Each dummy variable represents one category of the nominal variable.
For each observation, one of the dummy variables is set to 1 to indicate the category to which it belongs, and all other dummy variables are set to 0.
Example:

Suppose you have a nominal variable "Color" with categories "Red," "Green," and "Blue."
You create two dummy variables: "Dummy_Red" and "Dummy_Green."
If an observation has the color "Red," the "Dummy_Red" variable would be 1, the "Dummy_Green" variable would be 0.
If an observation has the color "Green," the "Dummy_Red" variable would be 0, the "Dummy_Green" variable would be 1.

*   **Necessity of Dummy Variables:**

Linear regression models require numerical inputs.

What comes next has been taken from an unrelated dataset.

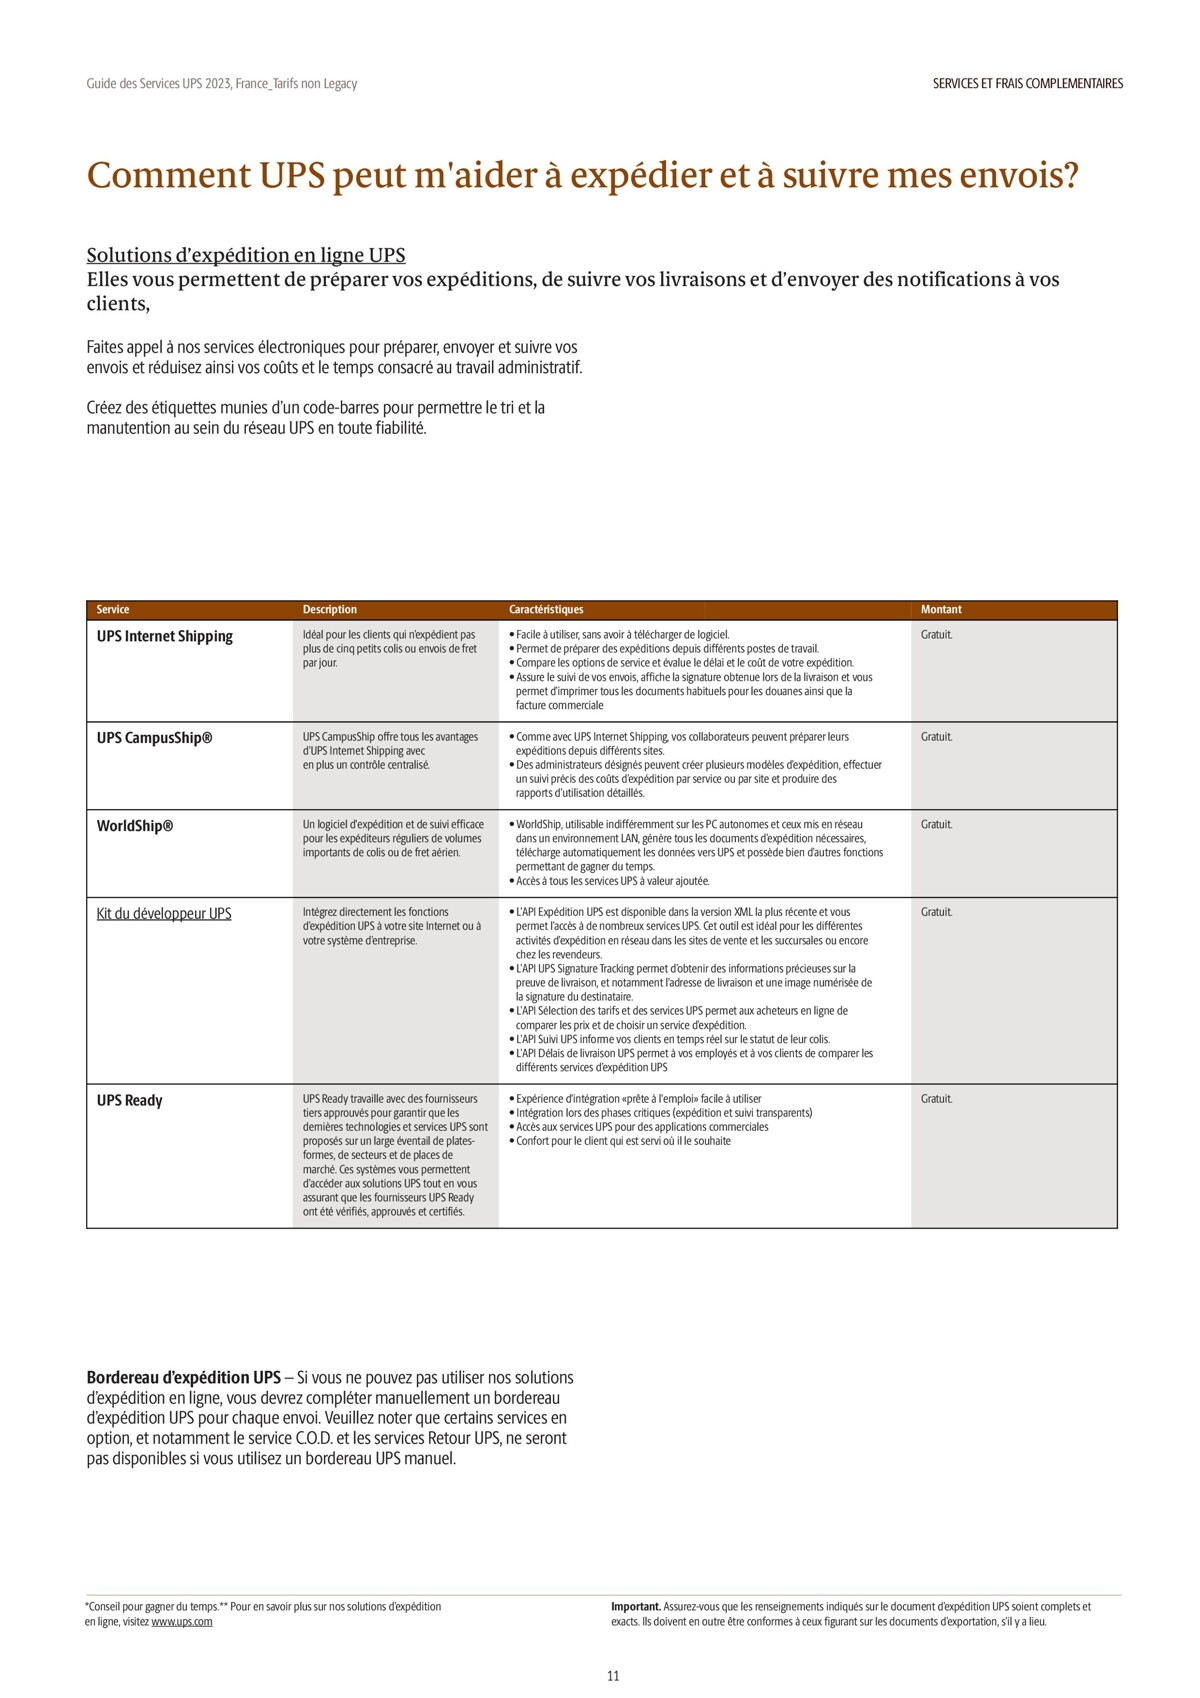 Catalogue Guide des Services 2023, page 00011

Nominal variables, such as categorical data, cannot be directly used in regression models.
By converting nominal variables to dummy variables, we can represent categorical data numerically, allowing us to include them as predictors in regression models.
Dummy variables also enable linear regression to capture the effect of categorical variables on the dependent variable by treating each category separately.

*  **Avoiding Multicollinearity:**

Including all
k categories as separate variables could lead to multicollinearity, where one predictor can be linearly predicted from the others with a substantial degree of accuracy.
By creating only
k−1 dummy variables, we avoid perfect multicollinearity because the omitted category is the reference category against which the others are compared.
In summary, dummy variables are essential in linear regression to represent categorical data numerically, enabling the model to incorporate the effects of categorical variables while avoiding multicollinearity.

c.Explore and mention assumptions in linear regression with suitable explanation


Linear regression relies on several assumptions for its validity:

1. **Linearity:** The relationship between the independent variables and the dependent variable is linear. This means that the change in the dependent variable is proportional to the change in the independent variables.

2. **Independence:** The observations in the dataset are independent of each other. There should be no correlation between the residuals (the differences between the observed and predicted values).

3. **Homoscedasticity:** The variance of the residuals is constant across all levels of the independent variables. In other words, the spread of the residuals should remain constant as the values of the independent variables change.

4. **Normality of Residuals:** The residuals should be normally distributed. This means that the errors should follow a normal distribution with a mean of 0.

5. **No Multicollinearity:** The independent variables should not be highly correlated with each other. High multicollinearity can lead to unstable estimates of the coefficients.

Violation of these assumptions can lead to biased and inefficient estimates of the regression coefficients, affecting the reliability and interpretability of the model. Therefore, it's essential to assess these assumptions and, if necessary, take appropriate measures to address any violations.